Task instructions: Repeat exactly the lines of the material below that run from the "azerbijan-money-to-eu" line to the "maintenant de dével" line, including both, and do not carry over any pictures.

Start of The records

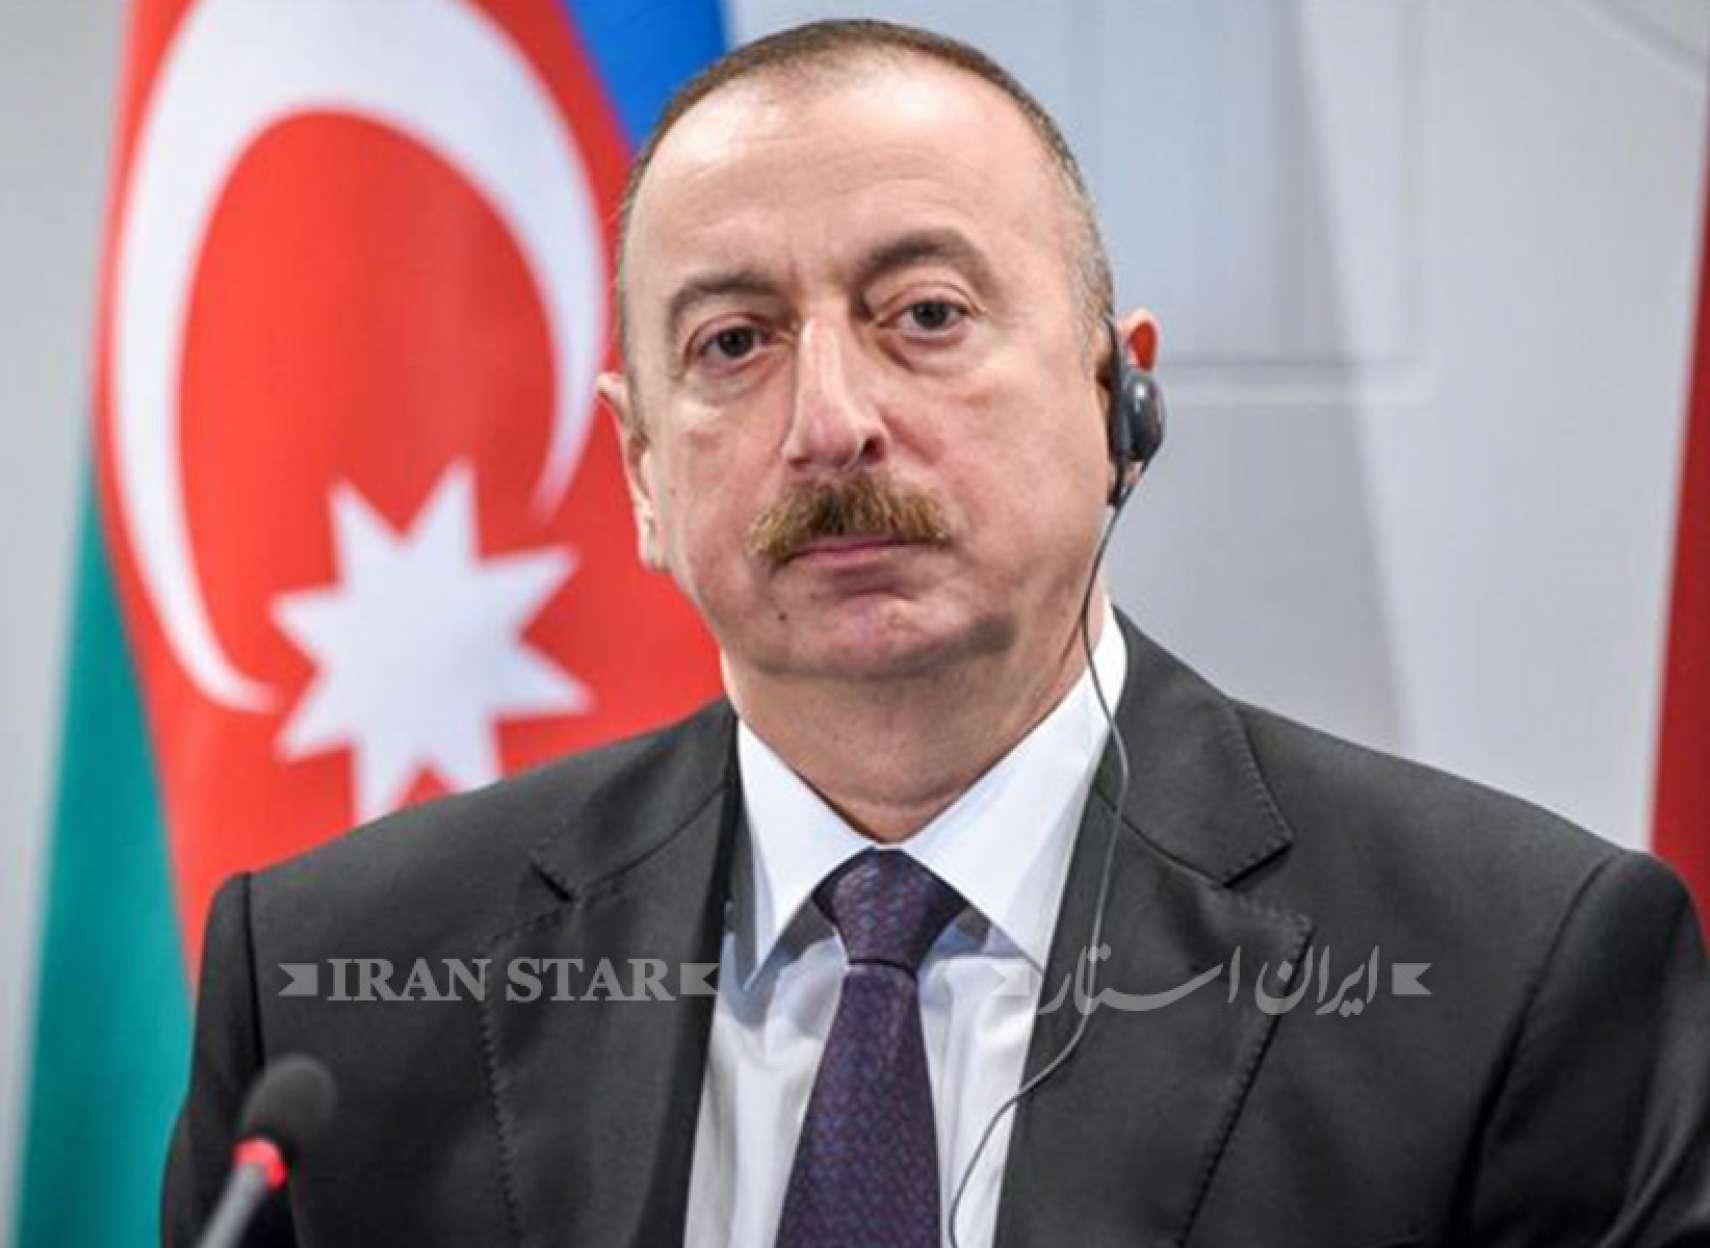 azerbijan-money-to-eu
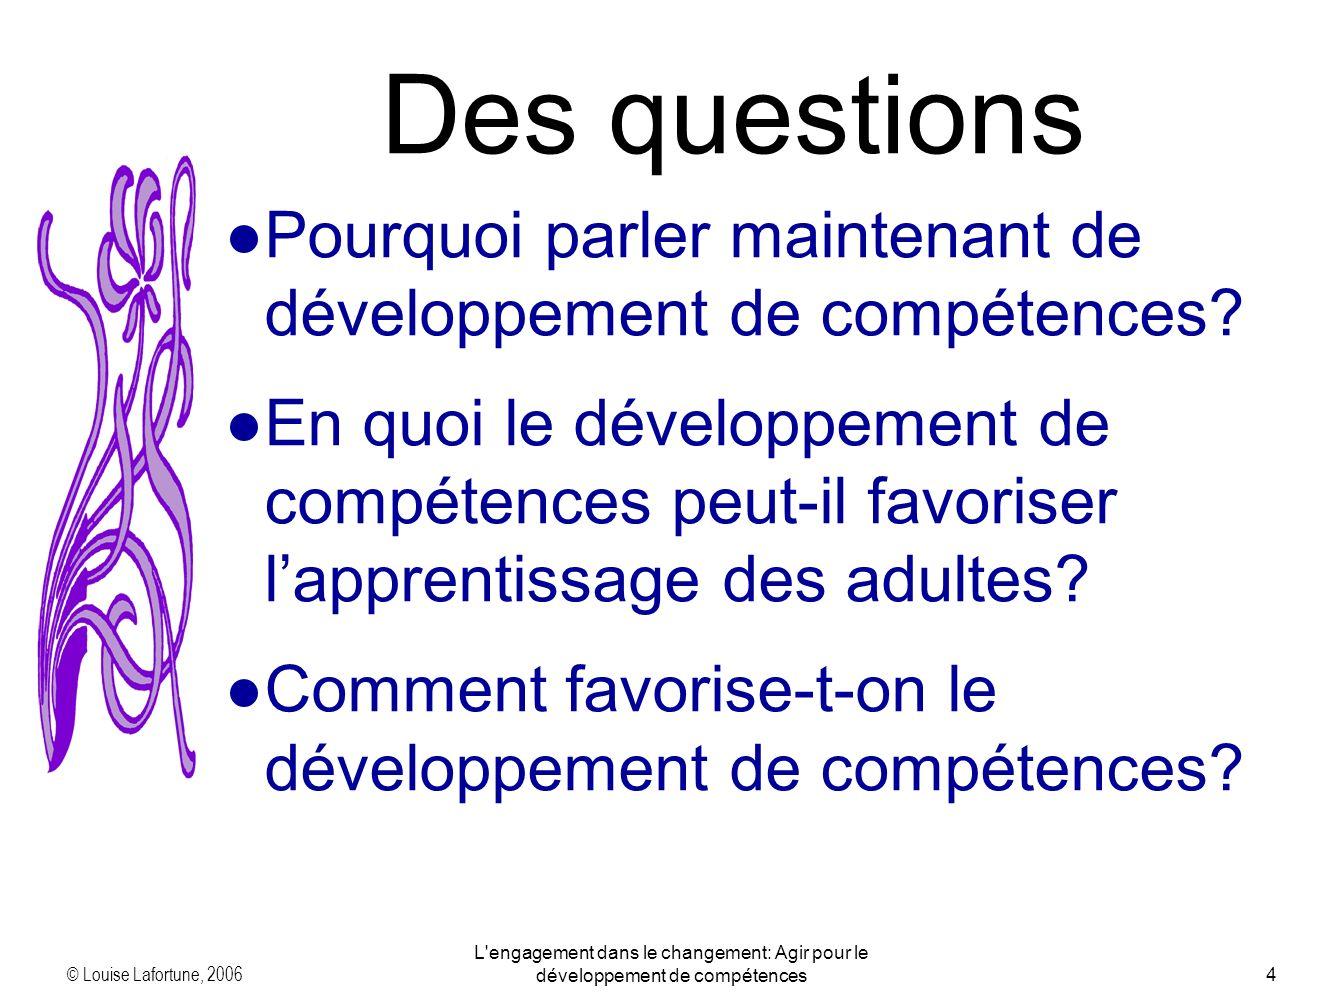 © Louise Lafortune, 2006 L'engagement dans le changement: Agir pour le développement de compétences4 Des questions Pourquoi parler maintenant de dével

End of The records
Start of The records

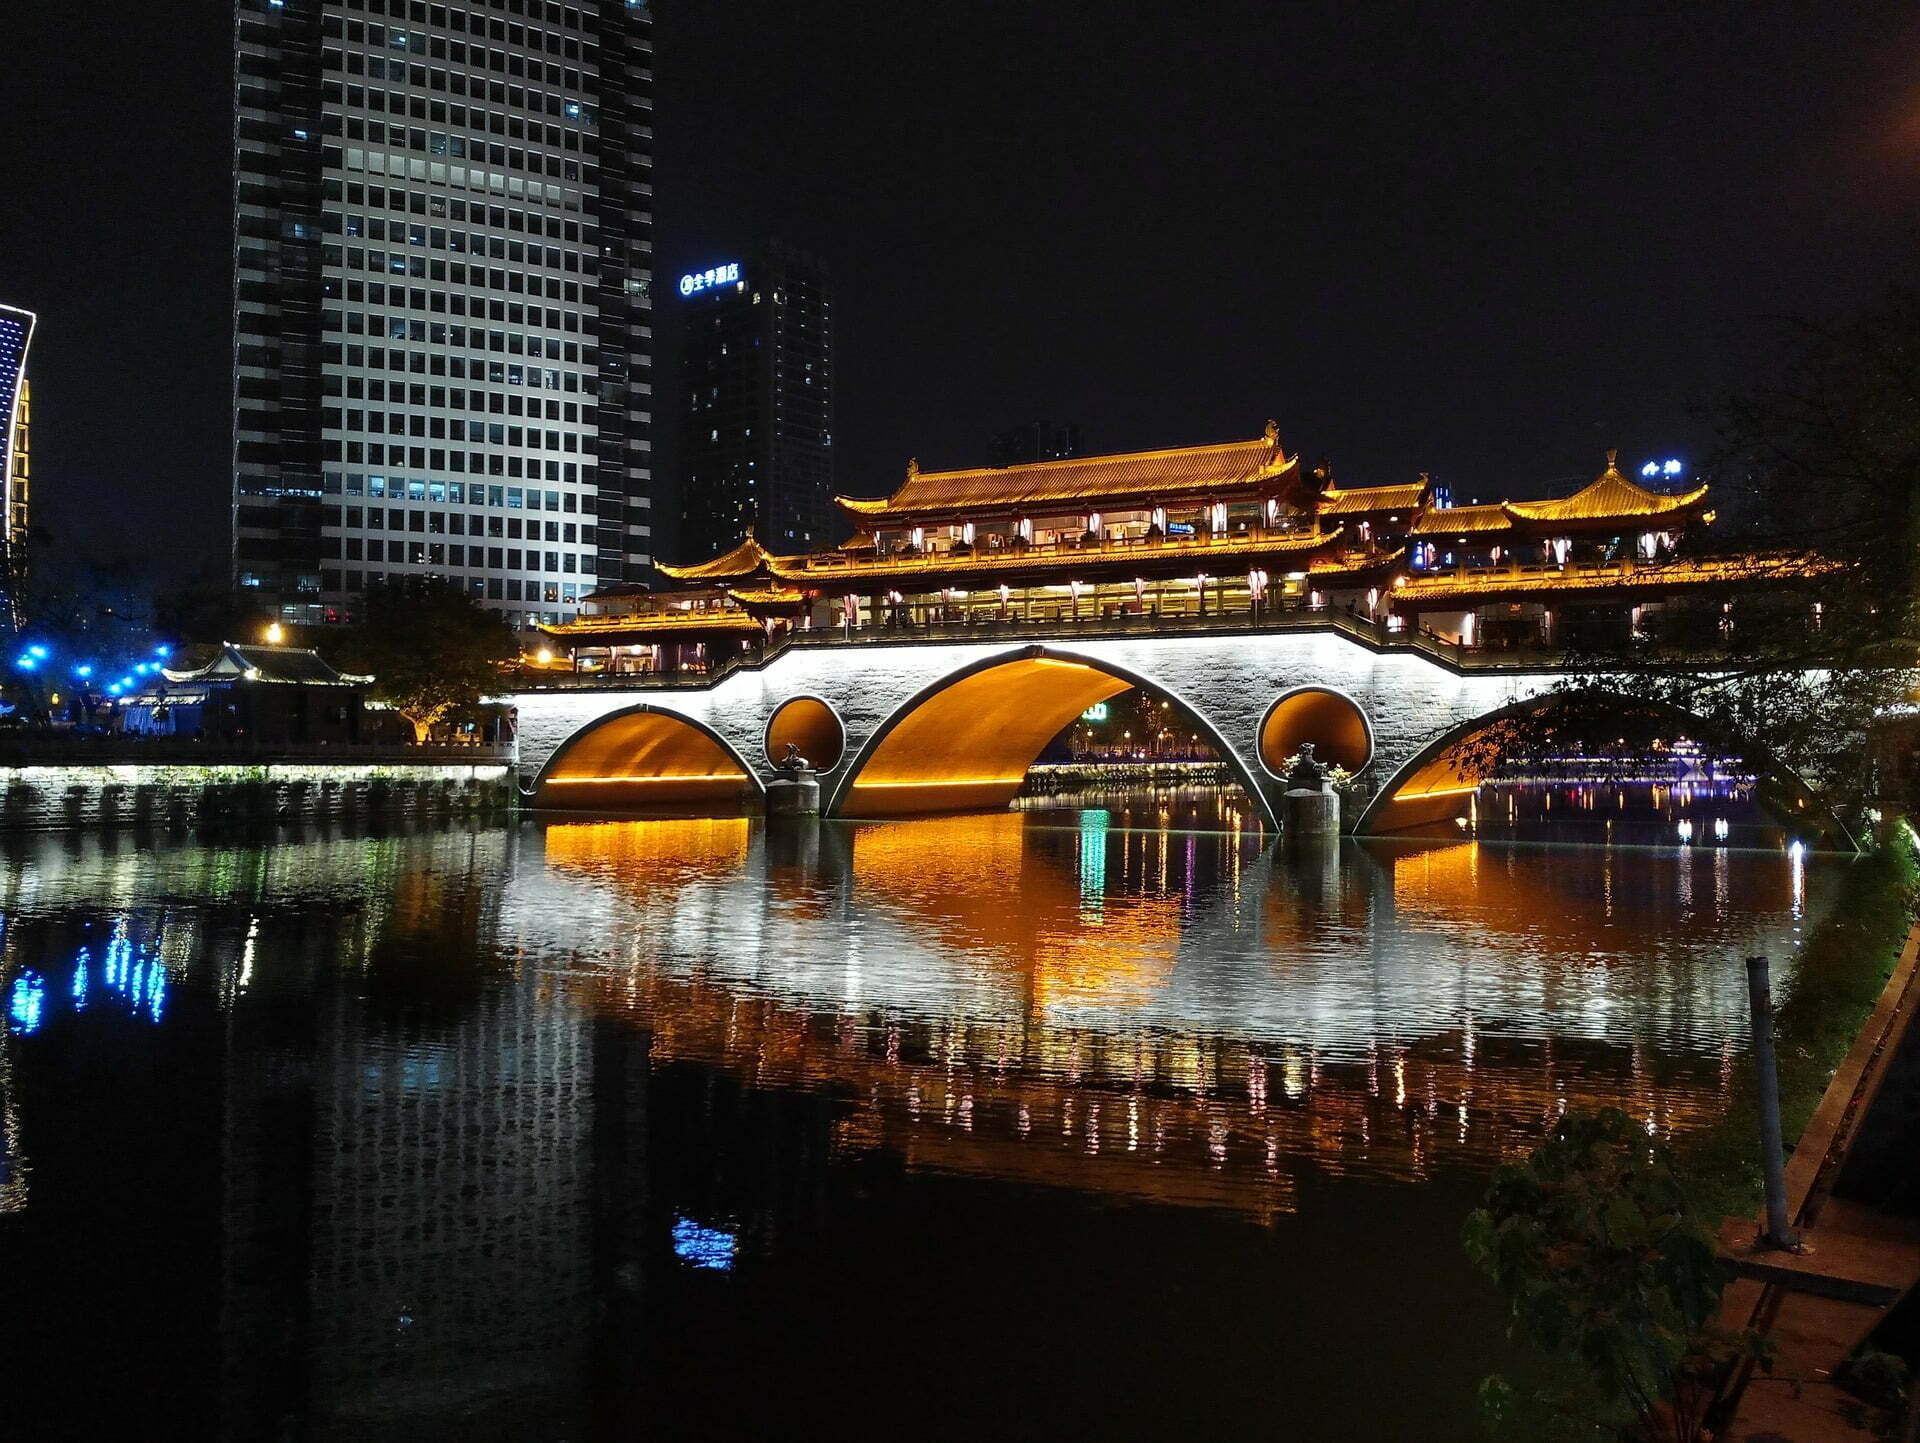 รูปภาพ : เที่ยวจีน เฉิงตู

End of The records

Answer area:
 azerbijan-money-to-eu
 © Louise Lafortune, 2006 L'engagement dans le changement: Agir pour le développement de compétences4 Des questions Pourquoi parler maintenant de dével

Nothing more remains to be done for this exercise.